“Today, it’s all come full circle as winemakers want to get on the orange wine bus. But technically speaking, in my view, ramato is a rosé wine made from a (lightly colored) red grape.” Jeremy Parzen, Do Bianchi
What do you call a wine that ranges in color from light rosy-salmon to deep copper-amber?
Rosé comes to mind when contemplating the hue. Yet hesitation surfaces… you haven’t seen one quite like this. Possibly an orange wine?
Then you sniff and sip. Whoa, a multitude of aromas and layered flavors. Could this be ramato?!?
The Italian Food, Wine, Travel group explores ramato this month, a wine style spanning generations in the northeastern Italy region called Fruili-Venezia Giulia. Led by Camilla Mann from Culinary Adventures with Camilla, find her invitation and preview information about the topic here and articles from the group below.

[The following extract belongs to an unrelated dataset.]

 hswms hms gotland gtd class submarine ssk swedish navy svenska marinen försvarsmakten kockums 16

Pinot Grigio is Not a White Grape
The first thing to know about Pinot Grigio, the grape used to make ramato is this- it doesn’t have white skin. A light reddish-grey, purple-hued grape, it is a variant-clone of Pinot Noir with origins in both Germany (Baden-Württemberg) and Burgundy. It arrived in Northern Italy (Valle d’Aosta and Piemonte) at the beginning of the nineteenth century, then made it to other parts of Italy and the world. (Source)
Is Ramato Really Different From Rosé/Rosato and Orange (aka Amber) Wines?

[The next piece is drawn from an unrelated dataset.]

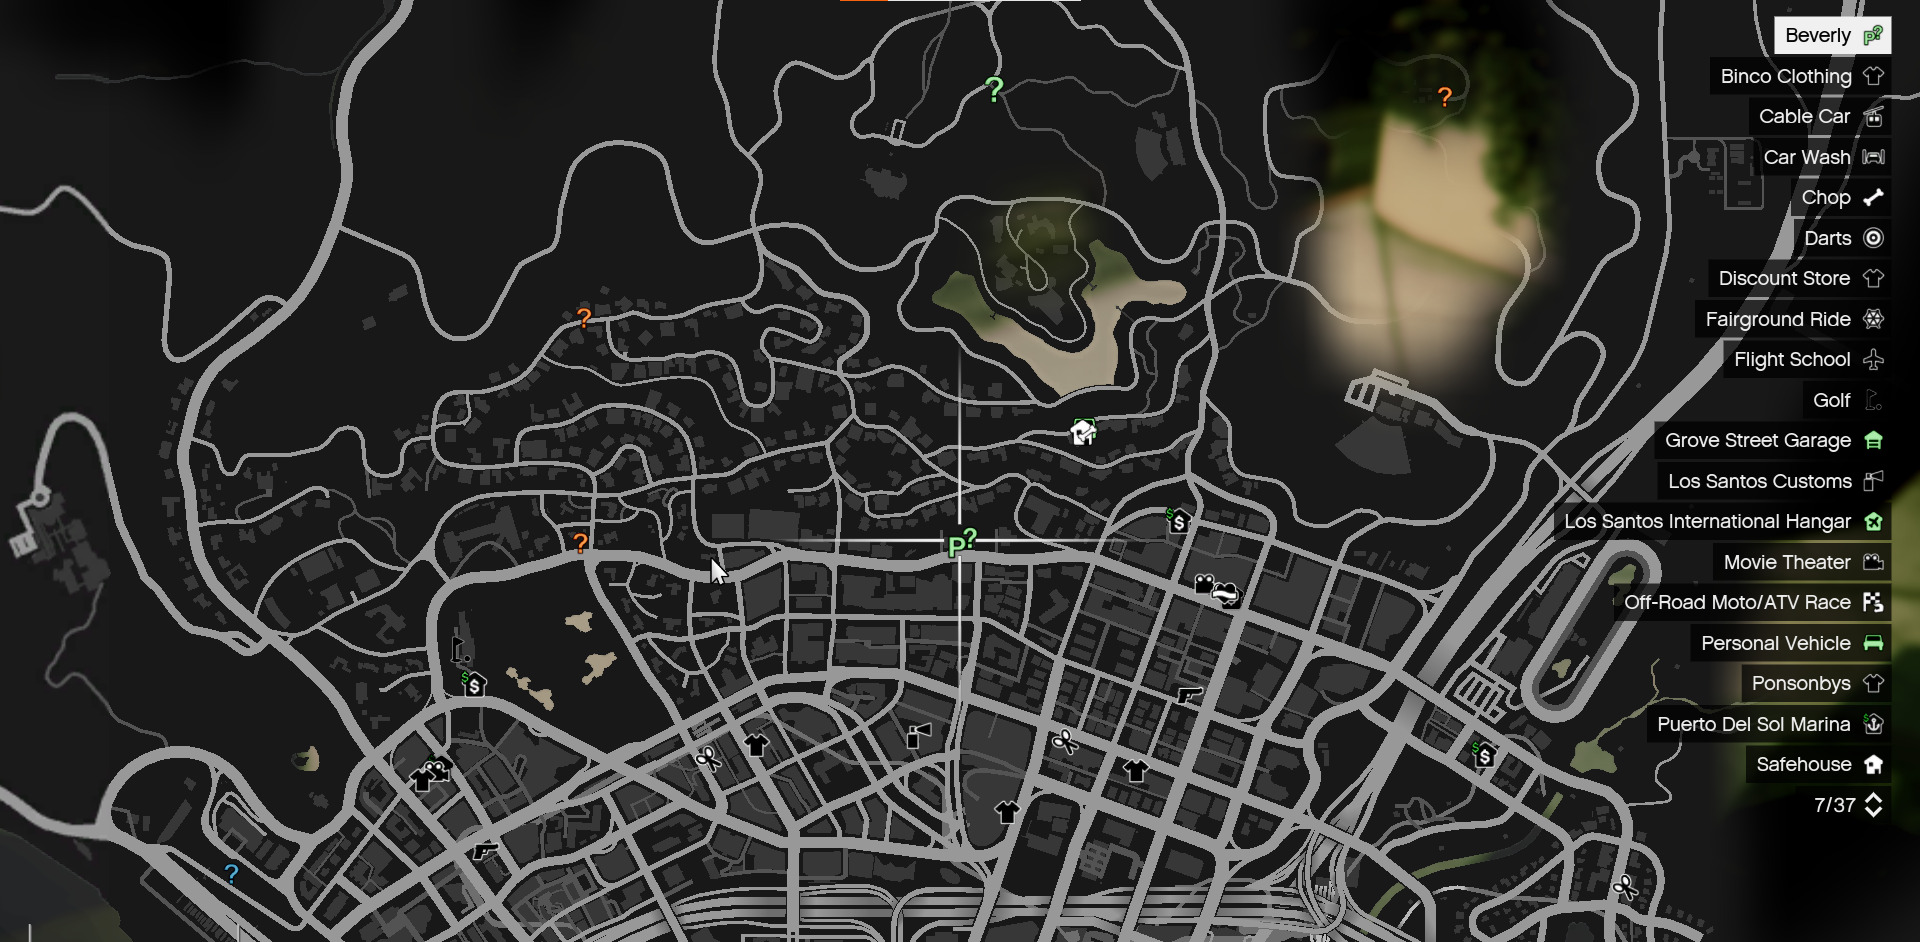 Go to the F, M, or T icons on the map to get the next mission in GTA V.

Well yes and no. Orange wines are made from white grapes, rosé from red grapes and ramato only from Pinot Grigio.
All three are made by some degree of skin contact with the juice. Partially or completely crushed grapes (skins, seeds and sometimes stems), along with their juice, macerate (soak) together. The difference starts here; some macerate just a few to several hours (common for rosé), while others from several days to several months (common for orange wine, aka skin contact wine). Ramato falls in between the two, kind of. (Find out more about orange wine from Martin at Enofylz Wine Blog.)
With regard to this maceration technique, it is interesting to note that until the 1950s, doing so was common place. Then new technologies pushed the maceration process aside and only a few Italian producers continued to process their Pinot Grigio via the traditional maceration method.
Today, the phrase ‘what is old is new again’ very much applies to ramato, and especially orange wines. Both have seen a resurgence, and most hip restaurants and wine stores will have at least one available.
Meanwhile, wanting to dig deeper into the entire topic and get his thoughts on ramato, I reached out to Italian Wine Guru Jeremy Parzen.
“Before the early orange wine craze of the late 2000s, a few Friulian growers were already marketing their wines as “ramato.” As interest in macerated whites continued to grow, it was only natural that merchants in the U.S. would begin to include ramato in their orange bins.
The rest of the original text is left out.